A local Christian college president has resigned after news that he plagiarized a chapter of his book. The Board of Directors did not ask him to step down. He took that on himself. Perhaps it’s an honorable move, but his explanation leaves me with doubt. He said he did not understand copyright laws at the time, and that it was “a major academic mistake.” The minister whose work was copied is quoted saying, “He told me that he had read my book in college, liked it, and was under the impression that I had passed away or that it was no longer in print when he used it.”
The former president said he tried to give proper credit to the minister in most recent editions by adding the minister’s photo and contact information to the front of the book. “There was not a cover up,” he said, “and I was planning on re-writing that section of the book anyway.”
How does any of this justify taking someone else’s published words as your own?
It does make you wonder what he was thinking. Is he so confused that he thinks any of those explanations is not completely beside the point?

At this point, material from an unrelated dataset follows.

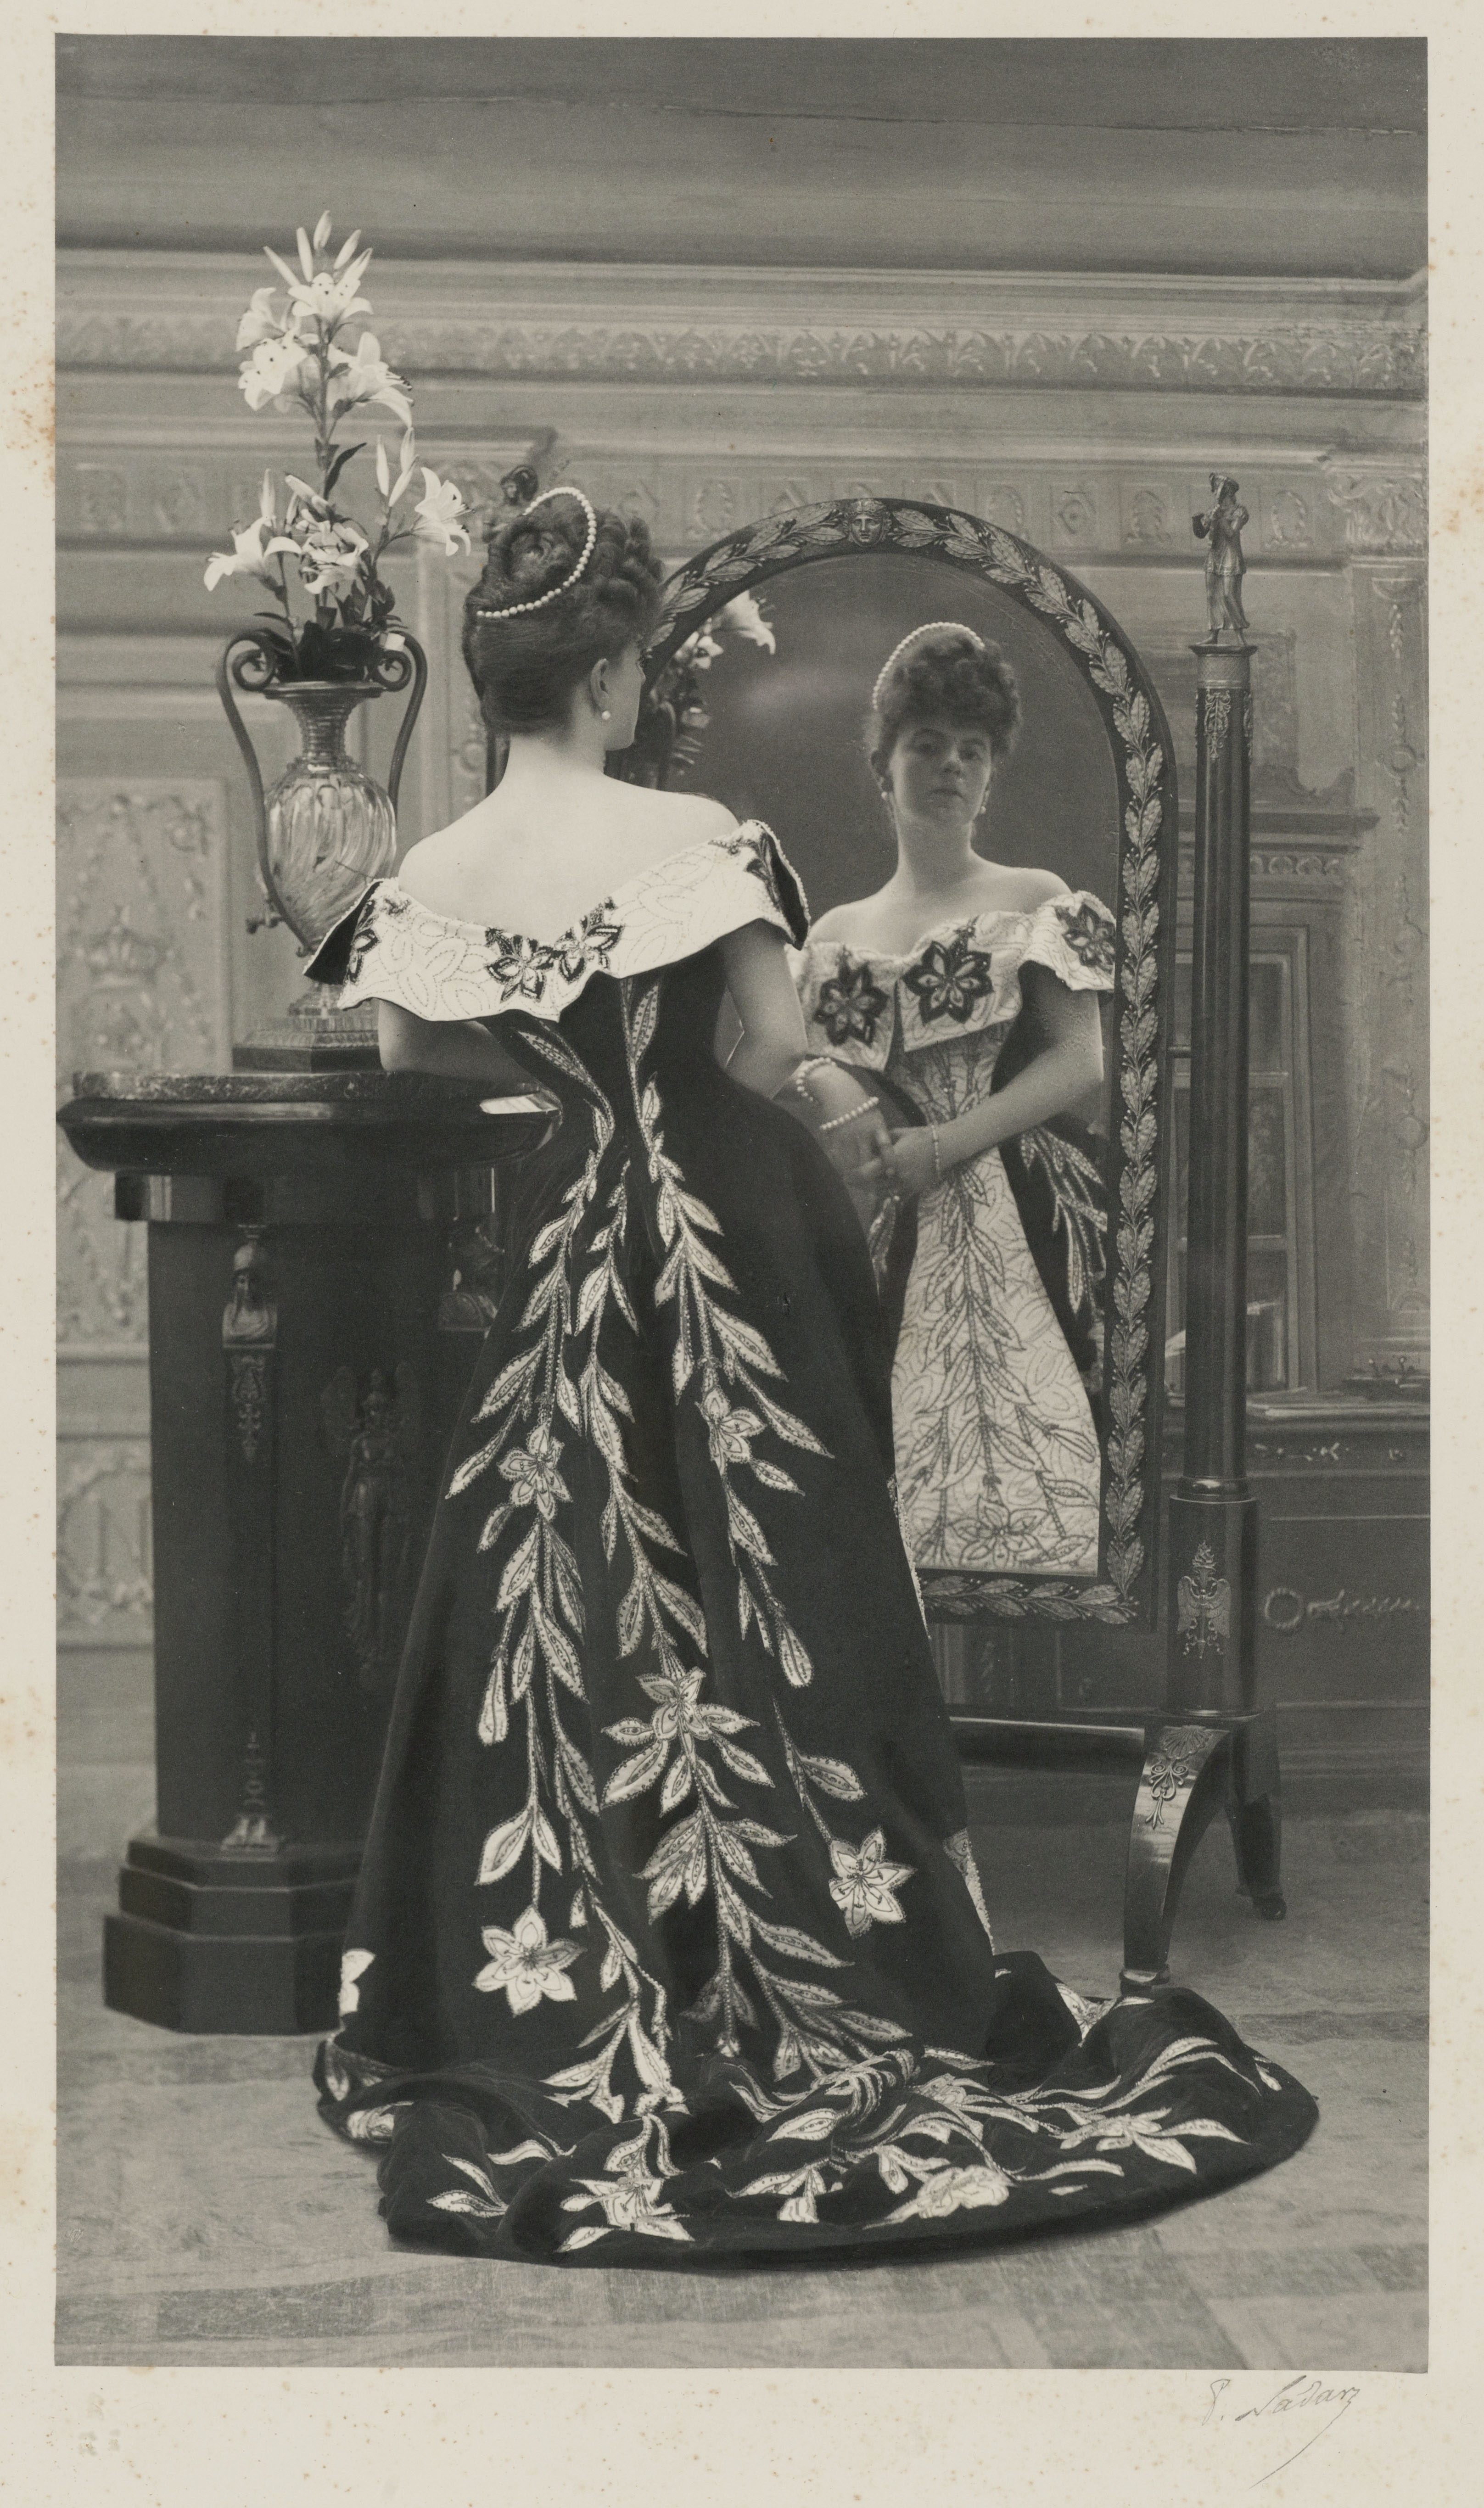 La comtesse Greffulhe, née Elisabeth de Caraman-Chimay (1860-1952), portant la robe aux lis créée pour elle par la maison Worth. Photographie de Paul Nadar (1856-1939). 1896. Galliera, musée de la Mode de la Ville de Paris.

It would be easier to understand if he said, “I gave into the temptation to present some good work as my own, and I felt it would do little harm to the real author, which made it easier to justify my wrongdoing to myself — but it was dishonest, and I’m ashamed.”
I can’t judge his motives, but I’ve seen this kind of thing too often. I generally assume it’s sloppiness, not outright theft–that is, not understood to be outright theft. We’ve talked about this before on this blog.
Perhaps in contradiction of what I say above, I read the last quote from the former president very harshly. “I was planning to re-write that section of the book anyway?” That’s the type of thing someone says when he knows he has done the wrong thing.